Criminal sentences are imposed after considering a wide range of factors. Until a recent Supreme Court of Canada decision, the significance of immigration consequences from criminal sentences was not clear.

However, in Pham, the Supreme Court recently clarified the law. Pham involved a permanent resident who was sentenced to two years’ imprisonment, thus eliminating his right to appeal his removal order and win a reprieve from immediate deportation. Neither his defence lawyer nor the prosecutor nor the sentencing judge was aware of this immigration consequence. A sentence of two years less a day would have allowed Pham an opportunity to stop his deportation.

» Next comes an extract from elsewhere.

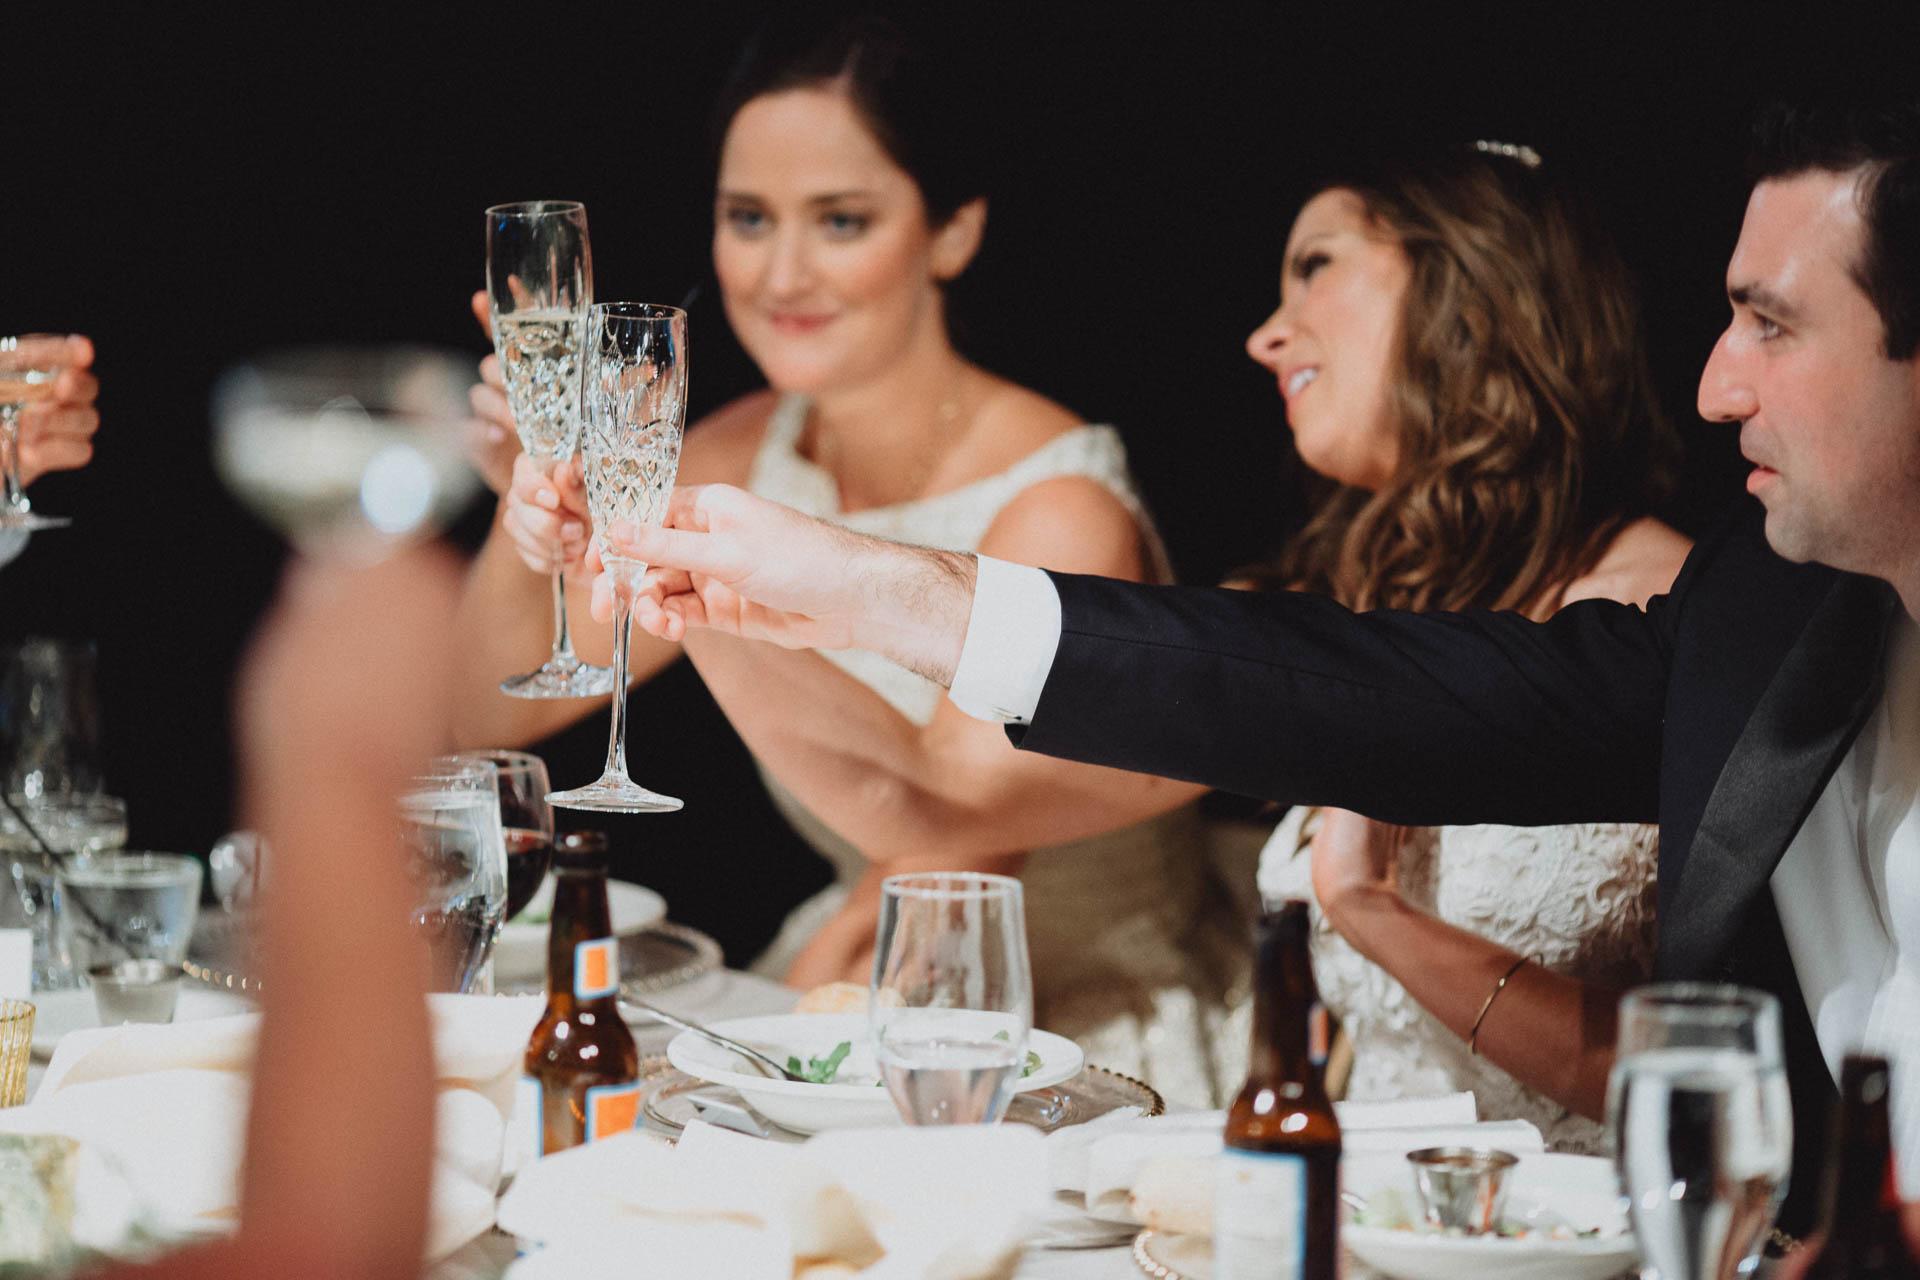 Keri-Joseph-Top-of-the-Market-Wedding-183@2x.jpg

Pham appealed the sentence. On appeal, the Crown attorney acknowledged that it would have agreed to a sentence of two years less a day if it had been aware of the immigration consequences to Pham. However, the Alberta Court of Appeal ruled that the sentence should not be disturbed, for reasons including the fact that Pham had “abused the hospitality” given to him by Canada.

The Supreme Court of Canada overruled the Court of Appeal, finding that as long as a sentence adjustment based upon immigration consequences does not take the sentence out of the appropriate range, it is entirely appropriate to consider immigration consequences in sentencing. Based on the Crown’s concession, the Court overturned the Court of Appeal’s ruling and adjusted the sentence to two years less a day.

This decision makes communication imperative between immigration and criminal counsel. Criminal counsel should appeal sentences if it is clear that the sentencing judge did not weigh immigration consequences. Immigration counsel should impress upon criminal counsel the importance of seeking a sentence that does not jeopardize a permanent resident’s right to appeal.